*** DATA TO PROCESS ***

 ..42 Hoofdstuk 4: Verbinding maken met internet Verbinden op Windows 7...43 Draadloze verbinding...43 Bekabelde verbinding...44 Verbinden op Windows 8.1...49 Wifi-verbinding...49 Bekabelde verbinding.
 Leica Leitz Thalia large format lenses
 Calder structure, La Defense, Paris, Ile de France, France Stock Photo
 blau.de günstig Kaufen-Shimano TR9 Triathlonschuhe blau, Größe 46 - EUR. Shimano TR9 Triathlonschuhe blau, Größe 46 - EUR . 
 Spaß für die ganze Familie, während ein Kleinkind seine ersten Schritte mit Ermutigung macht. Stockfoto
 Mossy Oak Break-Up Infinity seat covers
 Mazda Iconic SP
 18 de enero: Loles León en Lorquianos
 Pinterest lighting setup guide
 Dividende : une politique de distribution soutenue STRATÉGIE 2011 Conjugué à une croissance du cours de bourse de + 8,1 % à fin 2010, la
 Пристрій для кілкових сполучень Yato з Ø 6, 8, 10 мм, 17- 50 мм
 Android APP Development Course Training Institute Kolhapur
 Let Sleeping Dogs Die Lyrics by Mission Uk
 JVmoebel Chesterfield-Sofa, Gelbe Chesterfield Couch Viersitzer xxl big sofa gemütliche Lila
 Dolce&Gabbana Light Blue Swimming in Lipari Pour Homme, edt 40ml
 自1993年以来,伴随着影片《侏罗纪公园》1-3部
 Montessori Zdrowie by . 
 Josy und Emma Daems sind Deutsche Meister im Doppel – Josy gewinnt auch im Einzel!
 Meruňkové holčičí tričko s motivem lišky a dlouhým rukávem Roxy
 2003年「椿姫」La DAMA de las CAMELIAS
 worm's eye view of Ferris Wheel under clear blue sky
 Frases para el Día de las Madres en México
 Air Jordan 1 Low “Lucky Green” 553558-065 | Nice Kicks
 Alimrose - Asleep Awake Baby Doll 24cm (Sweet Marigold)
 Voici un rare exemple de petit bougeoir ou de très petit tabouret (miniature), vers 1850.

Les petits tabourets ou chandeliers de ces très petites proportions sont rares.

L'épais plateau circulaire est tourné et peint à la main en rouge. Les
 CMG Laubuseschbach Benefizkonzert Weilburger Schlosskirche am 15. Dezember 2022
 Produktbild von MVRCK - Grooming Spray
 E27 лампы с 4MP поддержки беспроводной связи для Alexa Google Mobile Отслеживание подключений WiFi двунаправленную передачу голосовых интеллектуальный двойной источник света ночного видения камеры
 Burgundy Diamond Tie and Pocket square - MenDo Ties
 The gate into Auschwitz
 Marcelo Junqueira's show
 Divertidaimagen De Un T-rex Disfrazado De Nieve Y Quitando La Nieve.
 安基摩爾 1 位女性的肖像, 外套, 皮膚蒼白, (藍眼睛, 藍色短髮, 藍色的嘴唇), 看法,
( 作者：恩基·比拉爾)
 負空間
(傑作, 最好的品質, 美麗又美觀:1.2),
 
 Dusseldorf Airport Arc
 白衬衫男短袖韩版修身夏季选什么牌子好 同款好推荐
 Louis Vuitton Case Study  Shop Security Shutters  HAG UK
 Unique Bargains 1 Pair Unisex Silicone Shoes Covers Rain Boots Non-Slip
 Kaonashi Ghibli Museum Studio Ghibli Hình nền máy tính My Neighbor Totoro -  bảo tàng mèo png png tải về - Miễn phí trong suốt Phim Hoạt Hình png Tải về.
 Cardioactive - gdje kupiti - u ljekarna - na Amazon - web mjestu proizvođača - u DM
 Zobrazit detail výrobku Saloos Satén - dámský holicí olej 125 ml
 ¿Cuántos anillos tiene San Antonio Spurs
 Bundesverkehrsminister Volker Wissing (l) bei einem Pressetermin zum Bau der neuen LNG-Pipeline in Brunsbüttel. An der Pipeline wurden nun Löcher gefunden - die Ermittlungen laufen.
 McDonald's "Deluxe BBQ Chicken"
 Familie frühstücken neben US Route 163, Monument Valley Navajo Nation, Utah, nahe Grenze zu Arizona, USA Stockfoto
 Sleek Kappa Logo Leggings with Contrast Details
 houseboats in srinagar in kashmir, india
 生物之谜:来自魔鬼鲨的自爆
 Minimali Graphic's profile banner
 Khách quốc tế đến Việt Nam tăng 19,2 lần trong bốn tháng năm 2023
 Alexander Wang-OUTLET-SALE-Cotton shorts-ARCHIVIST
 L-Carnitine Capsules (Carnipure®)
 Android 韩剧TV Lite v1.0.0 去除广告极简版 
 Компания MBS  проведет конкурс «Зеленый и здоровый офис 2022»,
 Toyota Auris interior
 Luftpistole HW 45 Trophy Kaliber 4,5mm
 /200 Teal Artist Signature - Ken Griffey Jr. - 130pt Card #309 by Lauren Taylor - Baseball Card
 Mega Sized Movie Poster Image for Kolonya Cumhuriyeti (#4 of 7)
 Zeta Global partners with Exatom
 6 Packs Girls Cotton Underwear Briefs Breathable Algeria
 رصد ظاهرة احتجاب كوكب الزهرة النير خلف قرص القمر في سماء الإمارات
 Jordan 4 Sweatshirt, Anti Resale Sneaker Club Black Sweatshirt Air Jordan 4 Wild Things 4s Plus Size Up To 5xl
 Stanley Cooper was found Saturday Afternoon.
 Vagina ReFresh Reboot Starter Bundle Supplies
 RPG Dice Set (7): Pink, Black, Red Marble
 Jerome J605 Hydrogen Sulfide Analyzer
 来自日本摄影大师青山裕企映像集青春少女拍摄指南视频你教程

*** End of DATA TO PROCESS ***

*ABOUT THIS TASK*.
Word for word, restate all of the records.

*SOLUTION BELOW*.
 ..42 Hoofdstuk 4: Verbinding maken met internet Verbinden op Windows 7...43 Draadloze verbinding...43 Bekabelde verbinding...44 Verbinden op Windows 8.1...49 Wifi-verbinding...49 Bekabelde verbinding.
 Leica Leitz Thalia large format lenses
 Calder structure, La Defense, Paris, Ile de France, France Stock Photo
 blau.de günstig Kaufen-Shimano TR9 Triathlonschuhe blau, Größe 46 - EUR. Shimano TR9 Triathlonschuhe blau, Größe 46 - EUR . 
 Spaß für die ganze Familie, während ein Kleinkind seine ersten Schritte mit Ermutigung macht. Stockfoto
 Mossy Oak Break-Up Infinity seat covers
 Mazda Iconic SP
 18 de enero: Loles León en Lorquianos
 Pinterest lighting setup guide
 Dividende : une politique de distribution soutenue STRATÉGIE 2011 Conjugué à une croissance du cours de bourse de + 8,1 % à fin 2010, la
 Пристрій для кілкових сполучень Yato з Ø 6, 8, 10 мм, 17- 50 мм
 Android APP Development Course Training Institute Kolhapur
 Let Sleeping Dogs Die Lyrics by Mission Uk
 JVmoebel Chesterfield-Sofa, Gelbe Chesterfield Couch Viersitzer xxl big sofa gemütliche Lila
 Dolce&Gabbana Light Blue Swimming in Lipari Pour Homme, edt 40ml
 自1993年以来,伴随着影片《侏罗纪公园》1-3部
 Montessori Zdrowie by . 
 Josy und Emma Daems sind Deutsche Meister im Doppel – Josy gewinnt auch im Einzel!
 Meruňkové holčičí tričko s motivem lišky a dlouhým rukávem Roxy
 2003年「椿姫」La DAMA de las CAMELIAS
 worm's eye view of Ferris Wheel under clear blue sky
 Frases para el Día de las Madres en México
 Air Jordan 1 Low “Lucky Green” 553558-065 | Nice Kicks
 Alimrose - Asleep Awake Baby Doll 24cm (Sweet Marigold)
 Voici un rare exemple de petit bougeoir ou de très petit tabouret (miniature), vers 1850.

Les petits tabourets ou chandeliers de ces très petites proportions sont rares.

L'épais plateau circulaire est tourné et peint à la main en rouge. Les
 CMG Laubuseschbach Benefizkonzert Weilburger Schlosskirche am 15. Dezember 2022
 Produktbild von MVRCK - Grooming Spray
 E27 лампы с 4MP поддержки беспроводной связи для Alexa Google Mobile Отслеживание подключений WiFi двунаправленную передачу голосовых интеллектуальный двойной источник света ночного видения камеры
 Burgundy Diamond Tie and Pocket square - MenDo Ties
 The gate into Auschwitz
 Marcelo Junqueira's show
 Divertidaimagen De Un T-rex Disfrazado De Nieve Y Quitando La Nieve.
 安基摩爾 1 位女性的肖像, 外套, 皮膚蒼白, (藍眼睛, 藍色短髮, 藍色的嘴唇), 看法,
( 作者：恩基·比拉爾)
 負空間
(傑作, 最好的品質, 美麗又美觀:1.2),
 
 Dusseldorf Airport Arc
 白衬衫男短袖韩版修身夏季选什么牌子好 同款好推荐
 Louis Vuitton Case Study  Shop Security Shutters  HAG UK
 Unique Bargains 1 Pair Unisex Silicone Shoes Covers Rain Boots Non-Slip
 Kaonashi Ghibli Museum Studio Ghibli Hình nền máy tính My Neighbor Totoro -  bảo tàng mèo png png tải về - Miễn phí trong suốt Phim Hoạt Hình png Tải về.
 Cardioactive - gdje kupiti - u ljekarna - na Amazon - web mjestu proizvođača - u DM
 Zobrazit detail výrobku Saloos Satén - dámský holicí olej 125 ml
 ¿Cuántos anillos tiene San Antonio Spurs
 Bundesverkehrsminister Volker Wissing (l) bei einem Pressetermin zum Bau der neuen LNG-Pipeline in Brunsbüttel. An der Pipeline wurden nun Löcher gefunden - die Ermittlungen laufen.
 McDonald's "Deluxe BBQ Chicken"
 Familie frühstücken neben US Route 163, Monument Valley Navajo Nation, Utah, nahe Grenze zu Arizona, USA Stockfoto
 Sleek Kappa Logo Leggings with Contrast Details
 houseboats in srinagar in kashmir, india
 生物之谜:来自魔鬼鲨的自爆
 Minimali Graphic's profile banner
 Khách quốc tế đến Việt Nam tăng 19,2 lần trong bốn tháng năm 2023
 Alexander Wang-OUTLET-SALE-Cotton shorts-ARCHIVIST
 L-Carnitine Capsules (Carnipure®)
 Android 韩剧TV Lite v1.0.0 去除广告极简版 
 Компания MBS  проведет конкурс «Зеленый и здоровый офис 2022»,
 Toyota Auris interior
 Luftpistole HW 45 Trophy Kaliber 4,5mm
 /200 Teal Artist Signature - Ken Griffey Jr. - 130pt Card #309 by Lauren Taylor - Baseball Card
 Mega Sized Movie Poster Image for Kolonya Cumhuriyeti (#4 of 7)
 Zeta Global partners with Exatom
 6 Packs Girls Cotton Underwear Briefs Breathable Algeria
 رصد ظاهرة احتجاب كوكب الزهرة النير خلف قرص القمر في سماء الإمارات
 Jordan 4 Sweatshirt, Anti Resale Sneaker Club Black Sweatshirt Air Jordan 4 Wild Things 4s Plus Size Up To 5xl
 Stanley Cooper was found Saturday Afternoon.
 Vagina ReFresh Reboot Starter Bundle Supplies
 RPG Dice Set (7): Pink, Black, Red Marble
 Jerome J605 Hydrogen Sulfide Analyzer
 来自日本摄影大师青山裕企映像集青春少女拍摄指南视频你教程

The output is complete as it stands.